Better be a strong bolt (high shear strength), since it'll be the only thing containing the torque of a 16kW motor. Maybe a grade 8?
One hole could let it move back and forth with torque/regen hits. I always use two, sometimes M6, or chainring bolts when I have enough room.

Your dropouts are thick and solid. Good to hold a lot of power with tight fit torque plates.
 
E-HP said:
hias9 said:
That is what I am probably going to do. I think one hole should be okay.

Better be a strong bolt (high shear strength), since it'll be the only thing containing the torque of a 16kW motor. Maybe a grade 8?

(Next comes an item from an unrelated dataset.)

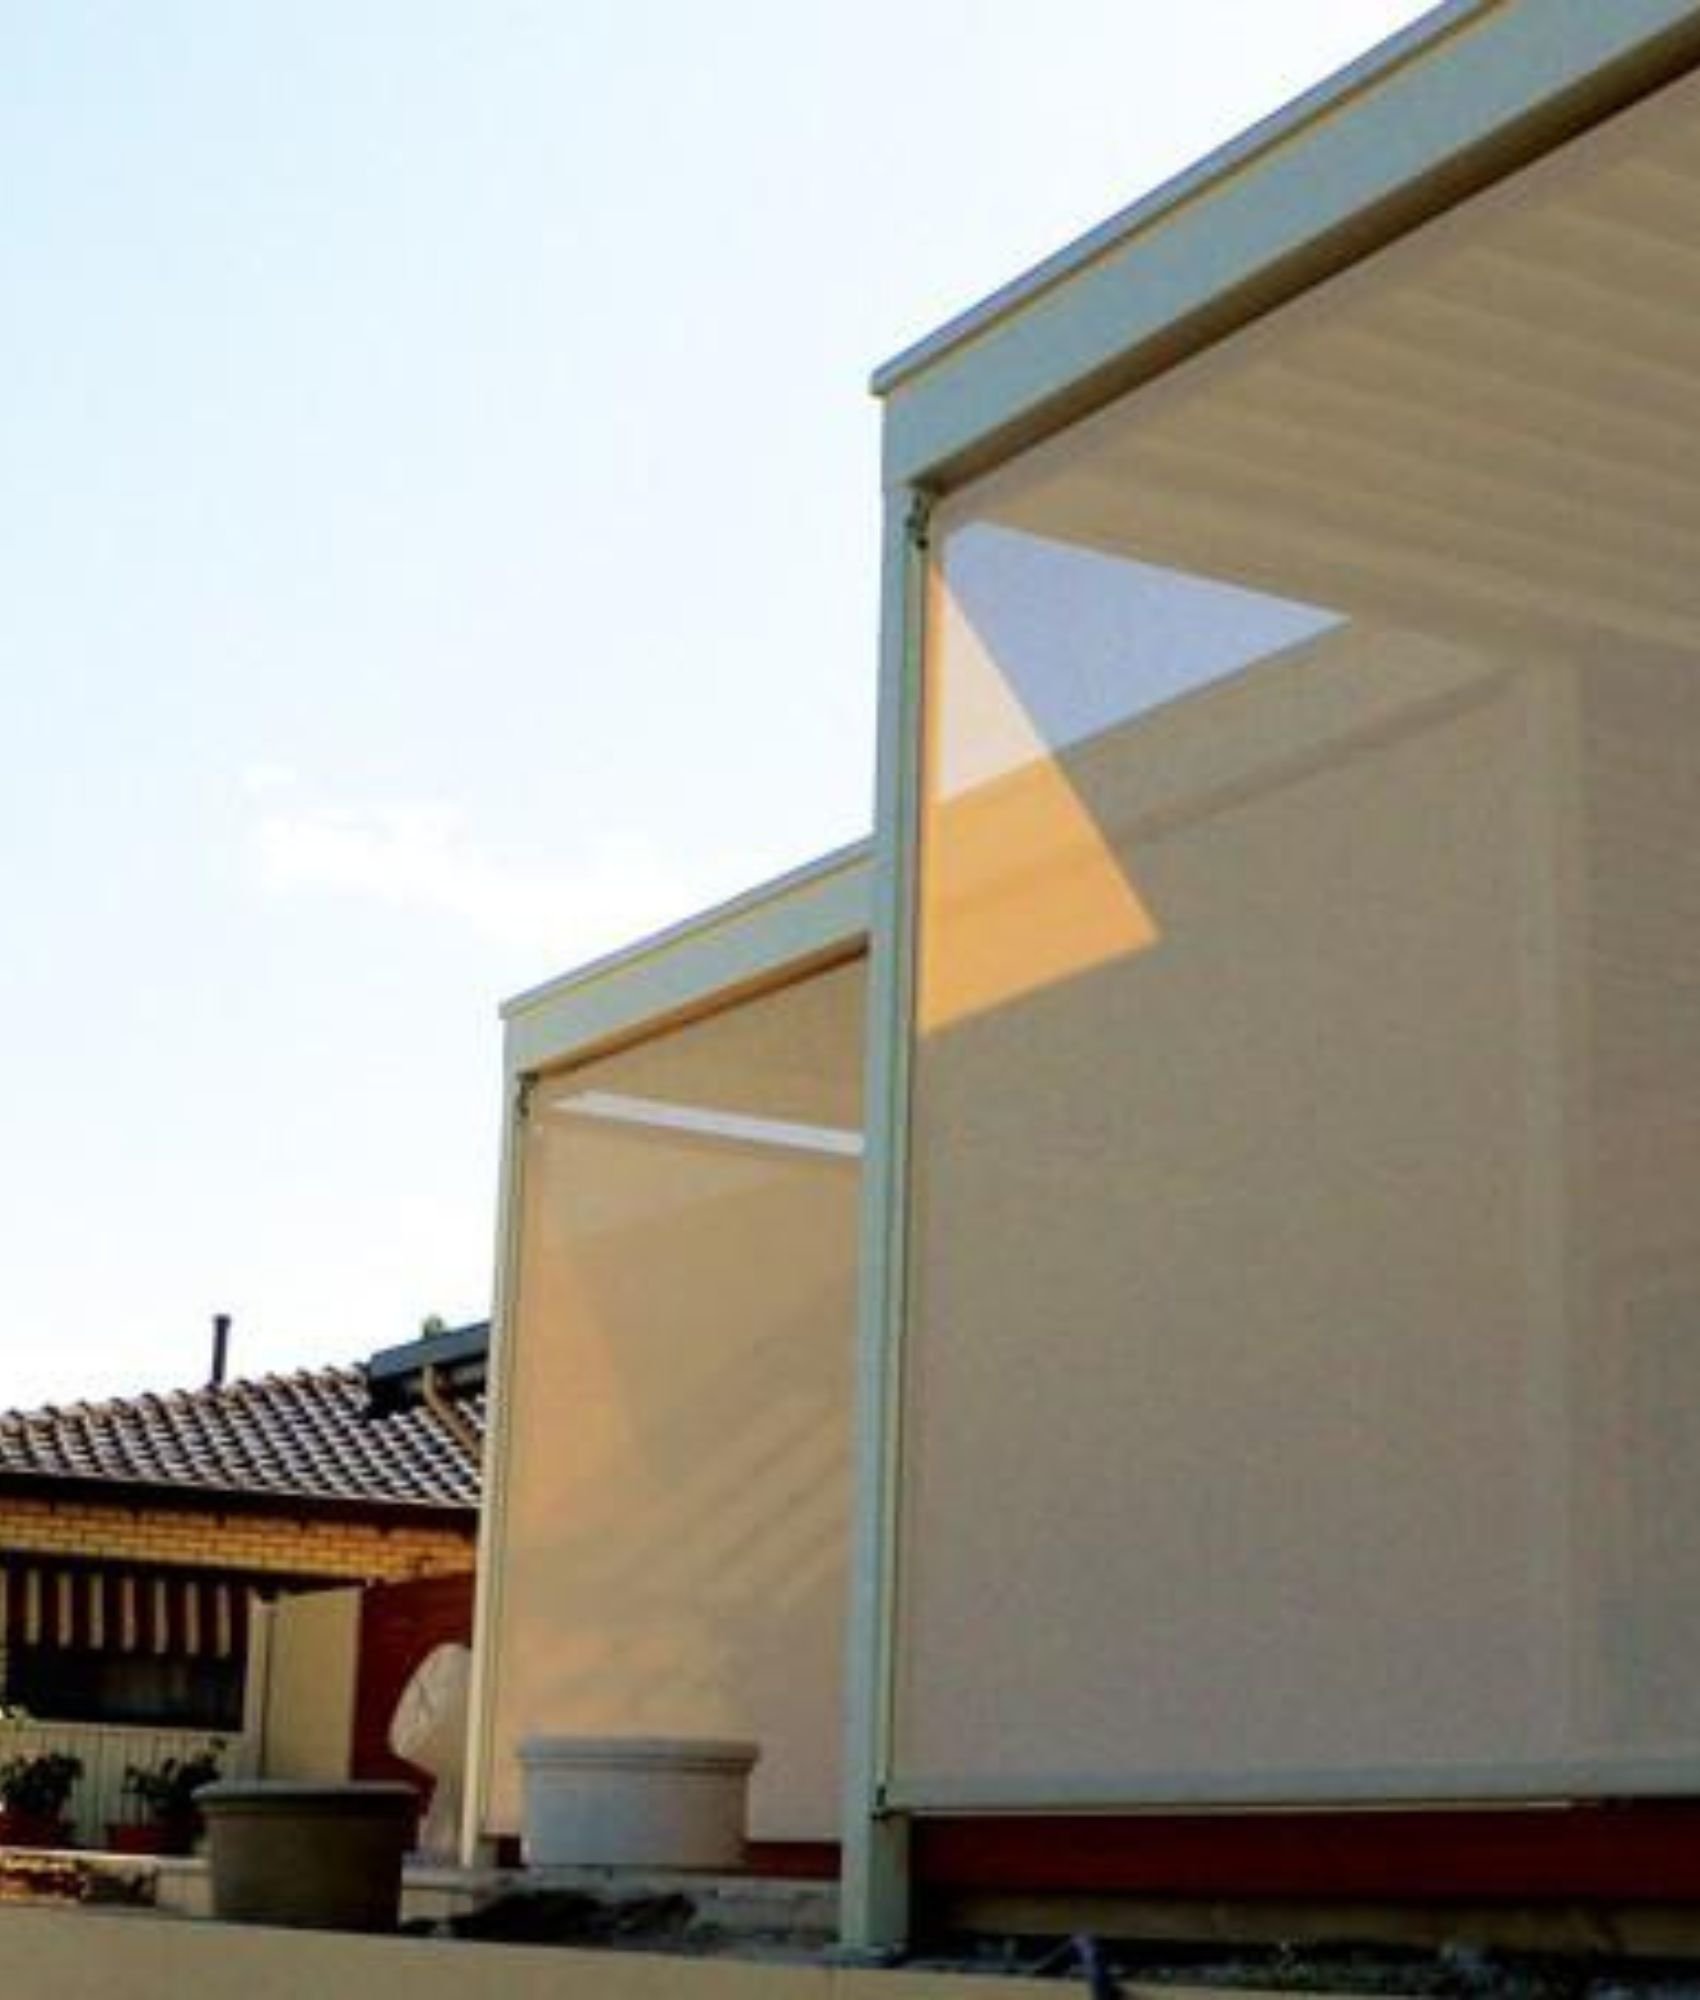 ziptrak outdoor blinds adelaide stan bond 4 | Stan Bond Adelaide
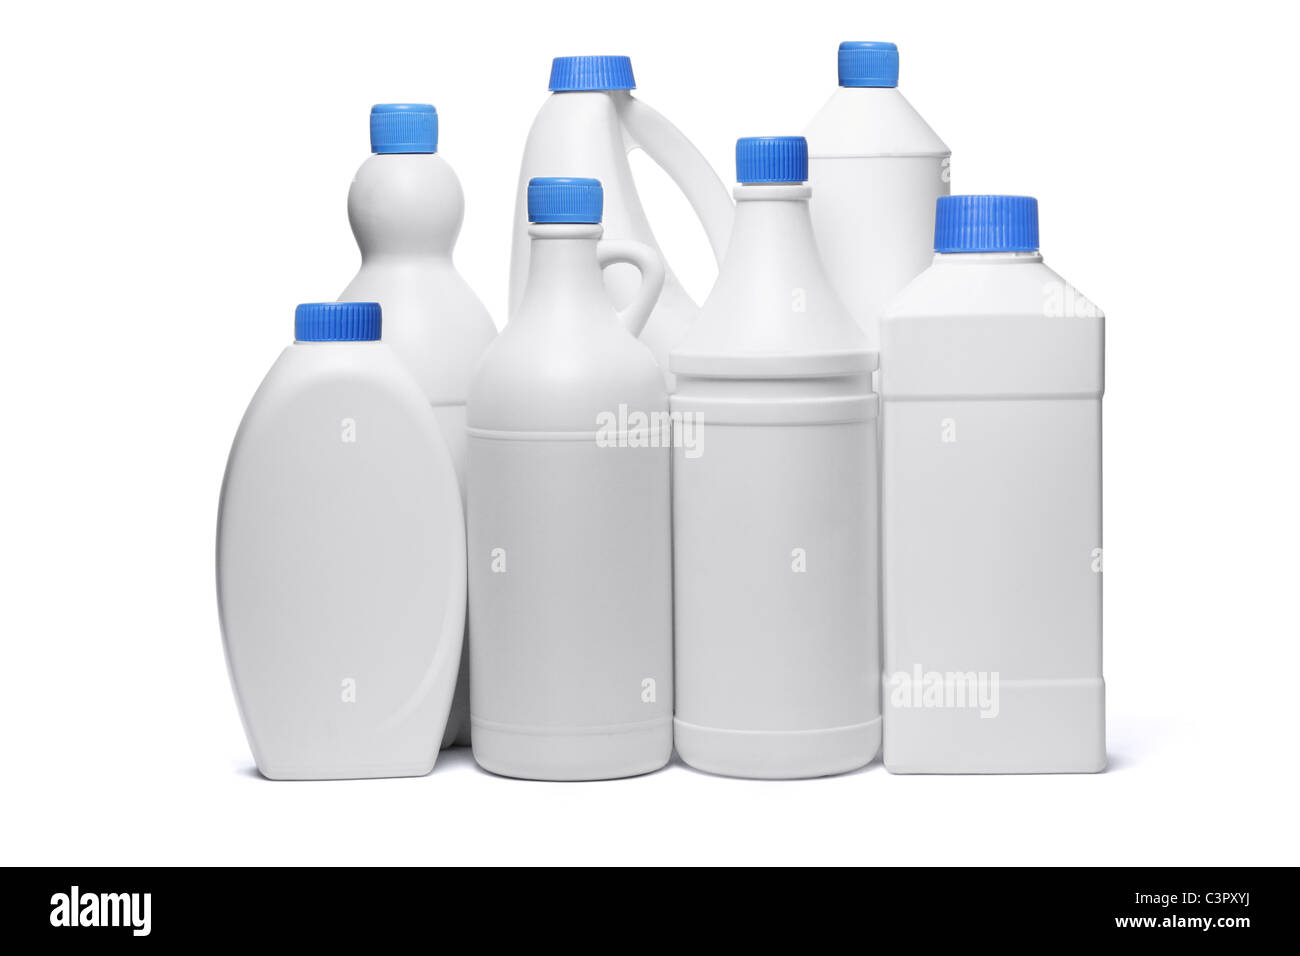 Un assortiment de contenants en plastique pour les détergents ménagers sur fond blanc Banque D'Images

It is not the only thing. There will be a IS2000 mount torque arm on the other side.
I plan to use three 8.8 M6 bolts.

Before I had two-part hose clamp TAs on both sides. It did the job, but the axle was moving a bit inside the dropout.

Would you use washers between the TA and the frame, so the paint will not be damaged?

Do you think it would move around with one bolt on the right side when there is a two bolt TA on the left side? When drilling two holes I think the inner nut on the inside could be a bit close to the chain, but it should work
 
Your frame looks ideal for drilling a hole to bolt on half of the standard front torque arm.

like this. or make your own plate. one on each side. If a regular bolt can't hold it, neither can the metal of your frame. But nothing wrong with the idea of a grade 8 bolt, simply because it won't get its threads smushed when the bike bashes a rock on a trail.

Flat space around the rear dropouts.jpg
 
I used some standard two-part TAs for M16 axles, but the axle can move a bit inside. Better I make my own TAs.
Would you put the TAs directly on the frame or put washers between the frame and the TA?